Honoré Balzac si svegliava a mezzanotte, per affrontare otto ore di scrittura, poi breve pausa per il pranzo, altre cinque ore di lavoro, cena e a letto, ricorrendo di continuo al caffè, non meno necessario della carta. Nello studio all'ultimo piano della sua casa di Parigi compose i testi della Commedia umana, seduto su una sedia dai lunghi braccioli ricurvi, davanti a un tavolino di legno, che portava con sé ogni volta che si spostava. I suoi attrezzi di lavoro erano una penna di corvo e fogli di color azzurrino, utilizzati per non affaticare gli occhi. Twain e Dickens prediligevano sedie in vimini, a differenza di J.K. Rowling, che ha dato vita al suo Harry Potter accomodandosi su una tipica sedia in rovere degli anni Trenta. Le sorelle Brontë, che operavano «come una singola entità letteraria», cucivano, scrivevano e si confrontavano sul proprio lavoro, passeggiando intorno al tavolo in mogano usato dalla famiglia per pranzare. echov, appassionato orticoltore, era attento alla posizione della scrivania, da cui poteva guardare nel giardino, per lui fonte di ispirazione. Per Agatha Christie i momenti migliori per ideare una trama erano quelli che trascorreva immersa nella vasca da bagno. Quando era in viaggio, Charles Dickens portava sempre con sé una scrivania portatile in palissandro con intarsi in madreperla. Per Emily Dickinson e per Thomas Hardy il luogo ideale per comporre era la camera da letto, dove anche Hemingway si rinchiudeva, nella sua tenuta di Finca Vigía, a Cuba: in piedi, tra un cumulo di giornali e libri, tenendo la macchina da scrivere all'altezza del petto su una libreria addossata al muro.

Proust scriveva addirittura sul letto, con le ginocchia a far da scrivania. 

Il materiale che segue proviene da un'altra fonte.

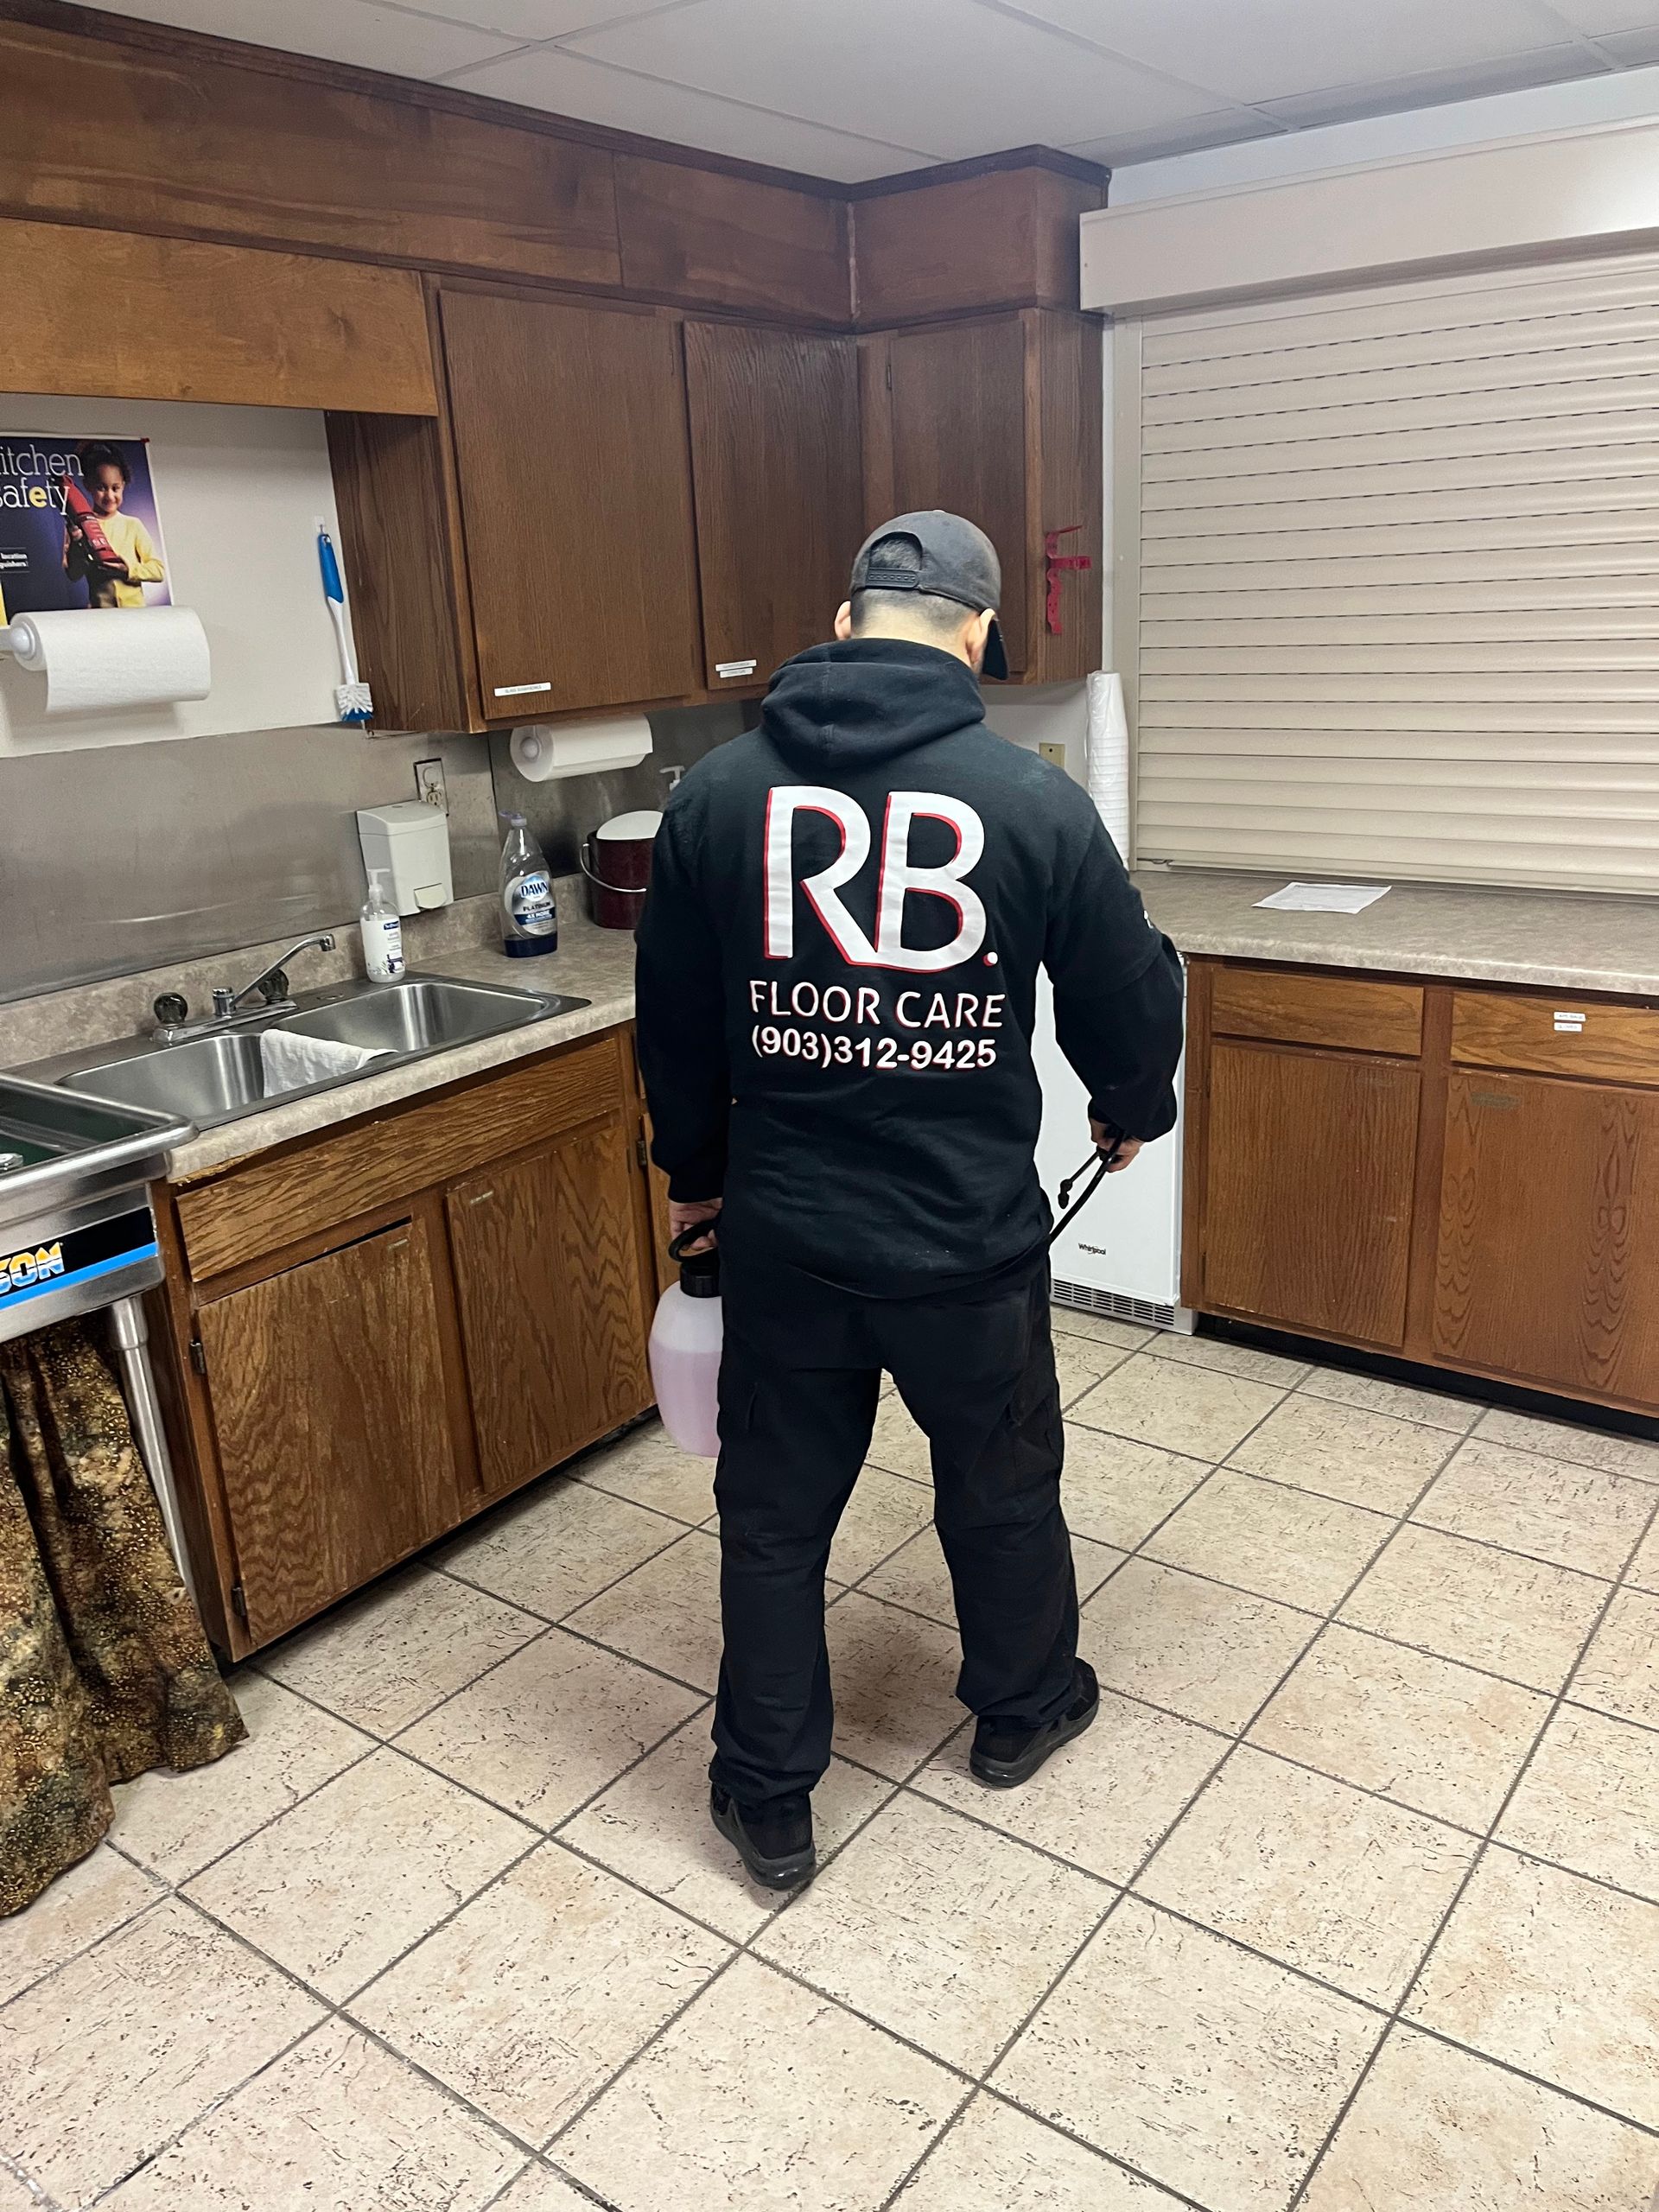 A man in a black rb hoodie is standing in a kitchen.

Non priva di suggestione è la descrizione dei due principali luoghi in cui Umberto Eco ha concepito i suoi romanzi e la sua imponente produzione saggistica: la casa di campagna a Monte Cerignone e lo studio milanese affacciato sul castello sforzesco, ricolmo di 30.000 volumi: dalla scrivania poteva soffermarsi a guardare i volti dei suoi amati pensatori, avendo posizionato negli scaffali i loro libri di piatto piuttosto che di taglio. Ian Fleming realizzò molte delle avventure di James Bond in un bungalow nella baia di Oracabessa, servendosi di una macchina da scrivere Imperial. Molti scrittori hanno sviluppato, prima dell'avvento del computer, un legame profondo con la macchina da scrivere. Nell'Ottocento fu Mark Twain il primo a inviare a un editore un testo dattiloscritto. Nel secolo scorso Henry James e Anthony Burgess venivano ispirati dal rumore secco dei tasti. Victor Hugo scrisse I miserabili in una grande dimora bianca a Saint Peter Port, nello «studio di cristallo», ispirato al Crystal Palace di Londra, su una scrivania verticale vicina alla finestra. Stephen King, seguendo un protocollo ben preciso, punta a scrivere 2.000 parole al giorno. Un tempo usava macchine da scrivere Olivetti e Underwood; oggi adopera un laptop, ma gli capita ogni tanto di ricorrere a carta e penna, preferendo comunque lavorare sempre su una piccola scrivania. Anche Rudyard Kipling teneva molto ai suoi arnesi di lavoro: odiando la macchina da scrivere, amava l'inchiostro, nero come la pece. D.H. Lawrence scrisse la sua opera più famosa, L'amante di Lady Chatterley sotto un grande pino in un bosco vicino alla sua villa di Scandicci.

Il libro continua illustrando le consuetudini di de Montaigne, Orwell, la Plath, Shaw, Wodehouse, la Stein... Ma, annota Samuel Johnson (il suo luogo prescelto era un abbaino): «Che una soffitta renda ogni uomo un genio, sono ben lungi dal pensarlo; conosco certi idioti che resterebbero tali in cima alle Ande o sul più alto picco di Tenerife».